The user can specify score_mod and score_mod_bprop functions, which get routed to the corresponding parameters of the sdpa and sdpa_backward calls to cuDNN FE.

Fixes # (issue)

Type of change

Documentation change (change only to the documentation, either a fix or a new content)
Bug fix (non-breaking change which fixes an issue)
New feature (non-breaking change which adds functionality)
Breaking change (fix or feature that would cause existing functionality to not work as expected)
Infra/Build change
Code refactoring

Changes

A new code path for FusedAttention backend, when score_mod (and the related parameters) is specified
Tests

Checklist:

I have read and followed the contributing guidelines
The functionality is complete
I have commented my code, particularly in hard-to-understand areas
I have made corresponding changes to the documentation
My changes generate no new warnings
I have added tests that prove my fix is effective or that my feature works
New and existing unit tests pass locally with my changes

Signed-off-by: Vladimir Cherepanov <vcherepanov@nvidia.com>

for more information, see https://pre-commit.ci

greptile-apps · 2026-05-13T03:26:45Z

Greptile Summary

This PR adds a Python-only score_mod code path for the cuDNN FusedAttention backend, letting callers inject arbitrary score modification callbacks (causal masking, softcapping, relative-position bias, etc.) directly into cuDNN's SDPA and SDPA-backward graphs without touching any C++ code.

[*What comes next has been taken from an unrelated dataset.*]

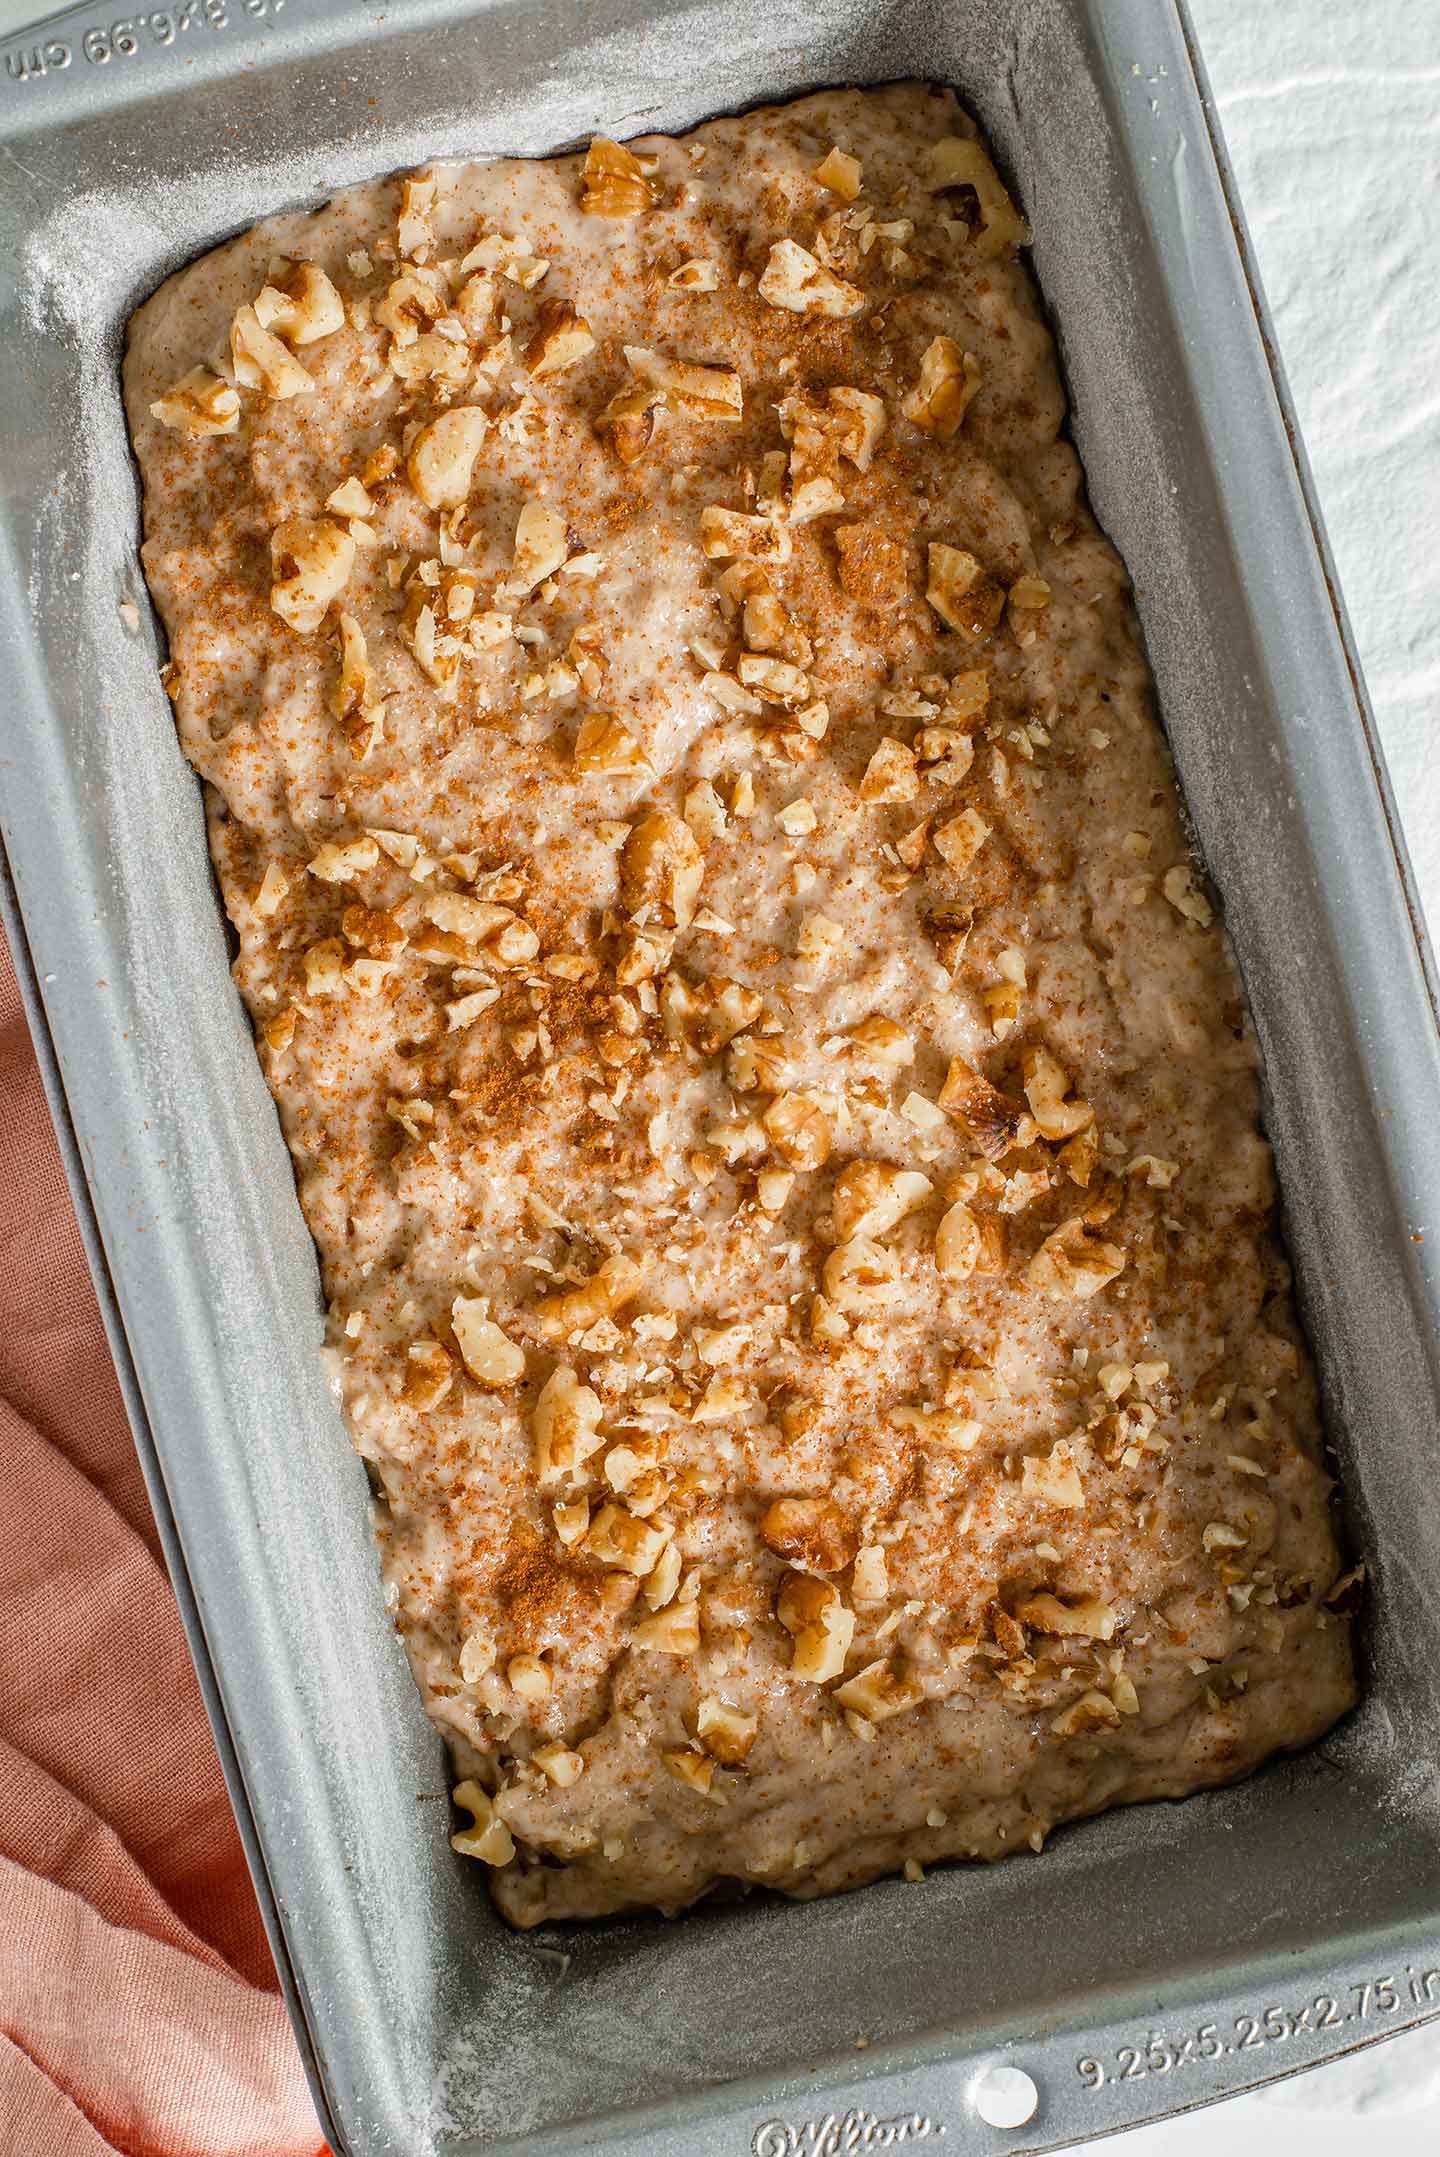 Top down view of vegan banana bread batter poured into a loaf pan. The top of the batter is sprinkled with chopped walnuts, sugar, and cinnamon.

New FusedAttentionWithScoreModFunc (torch.autograd.Function) builds and caches cuDNN frontend pygraph objects keyed on tensor shapes/strides and callback identity, then executes them on the current CUDA stream.
DotProductAttention.forward and FusedAttention.forward each gain four new optional parameters and an early-exit branch that bypasses the existing backend-selection machinery when score_mod is not None.
Tests cover causal masking, softcapping (stateful class-based score_mod), relative-position bias, cache-key stability for bound methods, and version-counter protection against in-place mutations before backward.

Confidence Score: 3/5

Safe to review but not to merge without addressing the callback cache-key correctness issue.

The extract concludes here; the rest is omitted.